PROJECT: Combined Cycle Power Plant Steam Drain System Improvement Project


This facility was a 147 MW combined cycle generation unit using two gas turbines each with their own Heat Recovery Steam Generators (HRSG's) and one steam turbine/generator unit. At the time of this project, the plant had been recently commissioned within the last two years and was still ironing out some of the left over operational design issues.

The typical loading schedule for the plant was nightly shutdowns with a subsequent restart the following morning. The plant had incorporated many design features for this type of loading schedule. One of these designs was the method by which the high and low pressure main steam piping utilized a drain system to prevent the accumiliation of condensate during the warm up process. This was necessary to prevent the condensate from flashing resulting in potential piping hammering or water induction to the steam turbine.

The plant had a history of compliants registered from the nearby residential neighborhoods resulting from the noise created by the warm up steam releases even though the design of the warm up steam drain system used a flashtank with a very large silencer.

The engineering service was able to conduct a thorough evaluation of the system, used extensive compressible multi-phase steam flow modelling, and redesign the piping, valves, exhaust system sizes, and control logic to completely eliminate all steam drain system noise.

RESULTS


• Completed a thorough evaluation of the equipment, piping, control logic, and operational process, of the steam drain system. Detemined the causes of noise and provided formal recommendations for correcting.

• Completed a computer modeled simulation of the steam drain multi-phase steam flow conditions. Used this computer model to determine the new design modifications to eliminate flow conditions above sonic velocities.

PROJECT: Simultaneous Restoration of Two Biomass Power Plants


Two mid 1980's vintage biomass power plants each rated at approximately 12.5 MW's had been shutdown and abandoned in mid year 2010 due to the loss of permanent financing. With the financial challenges prior to these plants being abandoned, the equipment had suffered from over use, lack of maintenance, and make shift repairs with limited site resources. The Allen-Bradley PLC based control systems were one of the casualties of the lack of maintenance and technical expertise to the point where the contract O&M service were unaware of the full extent of the problems.

The initial responsibilities started late in the "refurbishment" process (i.e., four weeks before the scheduled startup date) and included simply fixing some perceived "bugs" in the PLC system, PLC process & control tuning, and startup engineering support. The responsibilities grew to include a full upgrade of the Allen-Bradley system from their mid 1990's version to current hardware and software, rebuilding of many major process control loops, process & control tuning, and full unit engineering startup support which included engineering changes to various process methods.
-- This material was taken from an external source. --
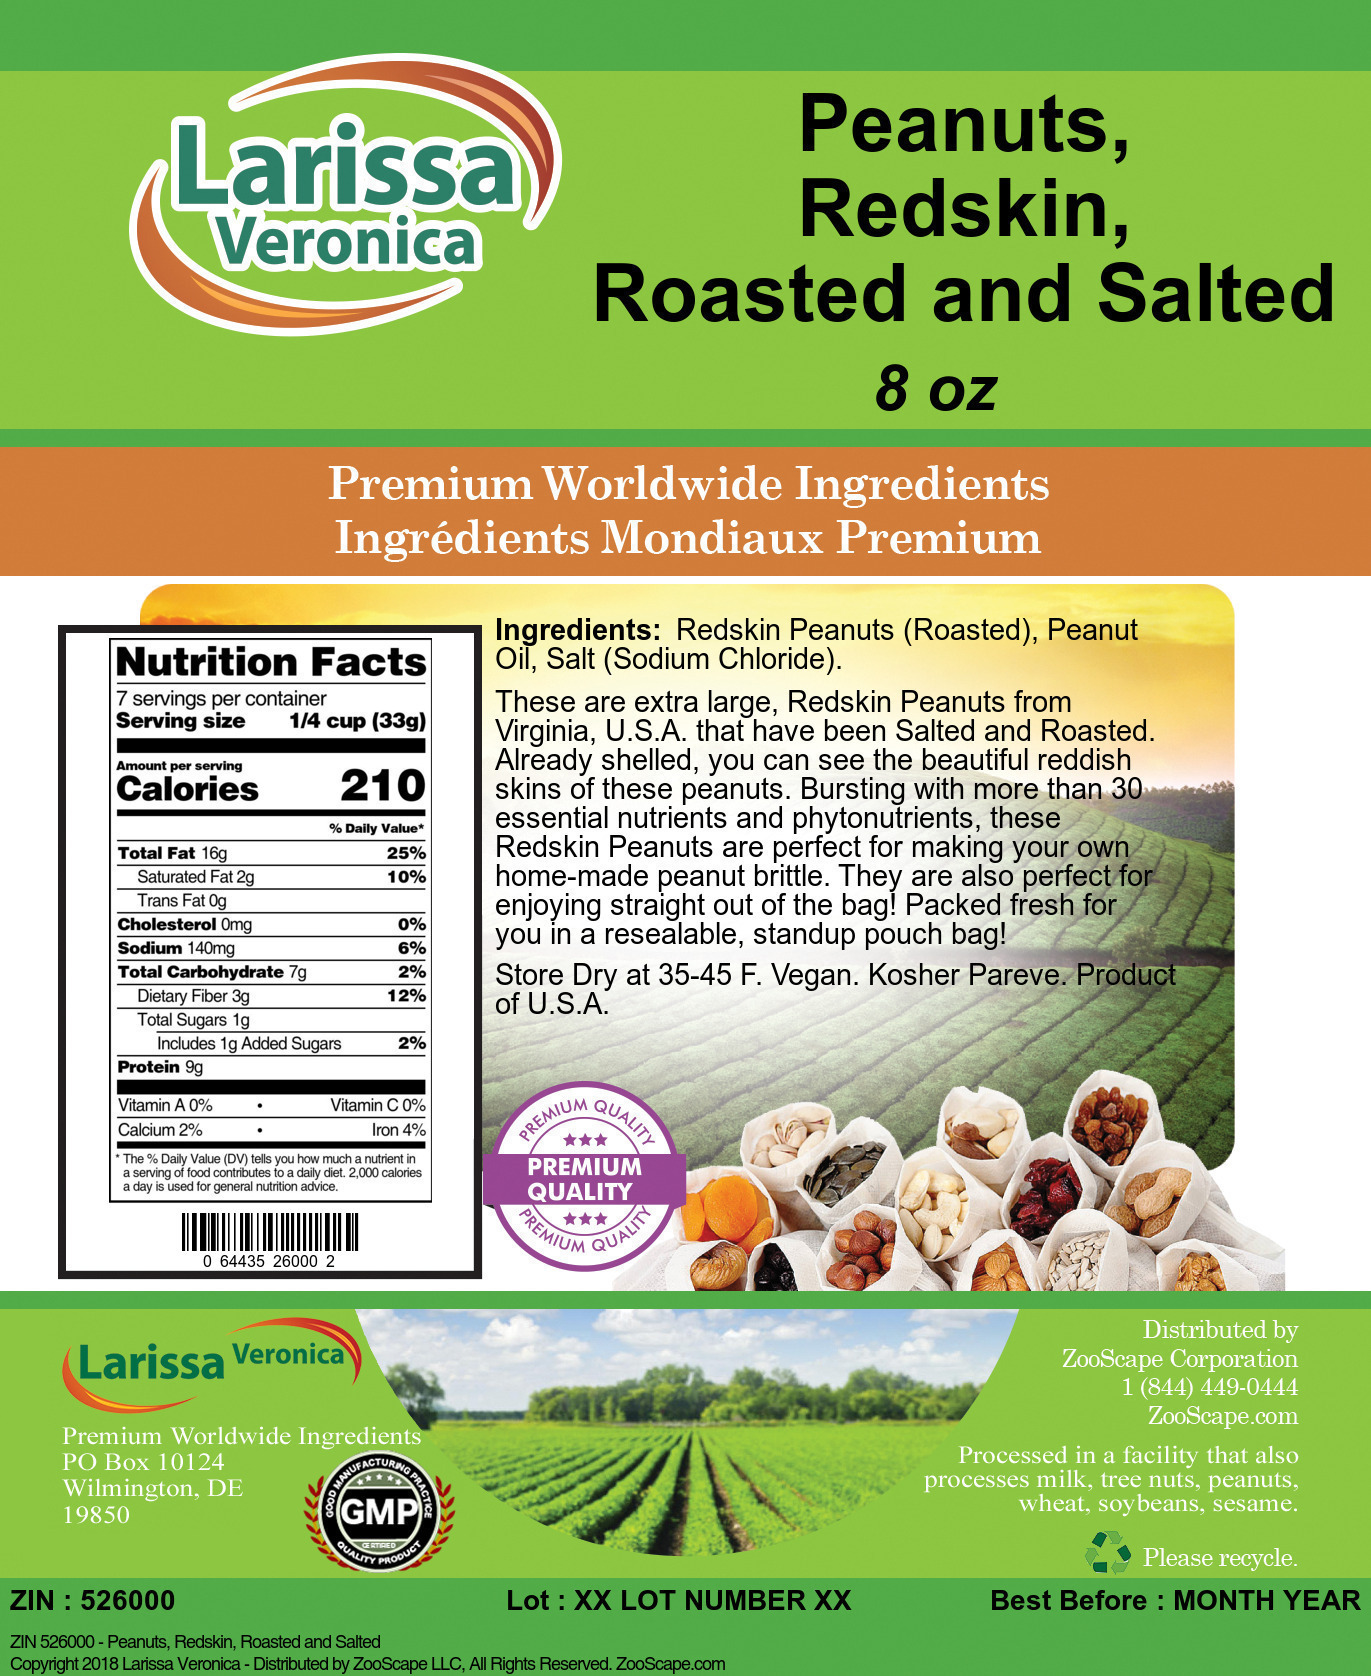 Peanuts, Redskin, Roasted and Salted - Label

The combustors for these sites are Energy Products of Idaho (EPI) bubbling fluidized bed combustors providing heat energy to a Zurn 122 kpph at 684 psig & 765F superheated steam boiler. Both sites burned agricultural waste which primarily amounted to chopped up almond orchards during the course of this startup.

The plants were built and placed in operation in 1988 and 1990 but were sold to the second owner in 1992. The facilities were shutdown in 1995 after the power purchase agreements (PPA's)were bought out. The third owners purchased the sites, refurbished the equipment and negotiated new PPA's. This major refurbishment was needed to correct damage for the 12 years of being abandoned the first time. Unfortunately, the control system upgrade was not managed well which resulted in many control loops being operated in manual. During the refurbishment, the sites were sold to the fourth owner which ended up having to fire the general contractor conducting the refurbishment and utilizing the contract O&M service to complete the work. After the startup of this first refurbishment beginning in 2008, the plant only ran to mid year 2010, again, being abandoned. The fifth owner purchased the plants and conducted these current refurbishments.

RESULTS


• Performed a complete control system evaluative assessment for the existing control logic in the PLC's, compared this to the OEM original design functional logic, and BaileyCAD logic. Provided a formal control system improvement program proposal document.

• Created and formally documented a proposed process and control logic upgrade for the boiler master, fuel flow, air flue, gas recirculation, and induced draft fan control logic. This new design included improved process monitoring and control philosophy.

• Completed a performance assessment of the required steam flow for full load capacity versus the historical performance and instrumentation calibration. Provided documented proof of a severe degradation in turbine performance.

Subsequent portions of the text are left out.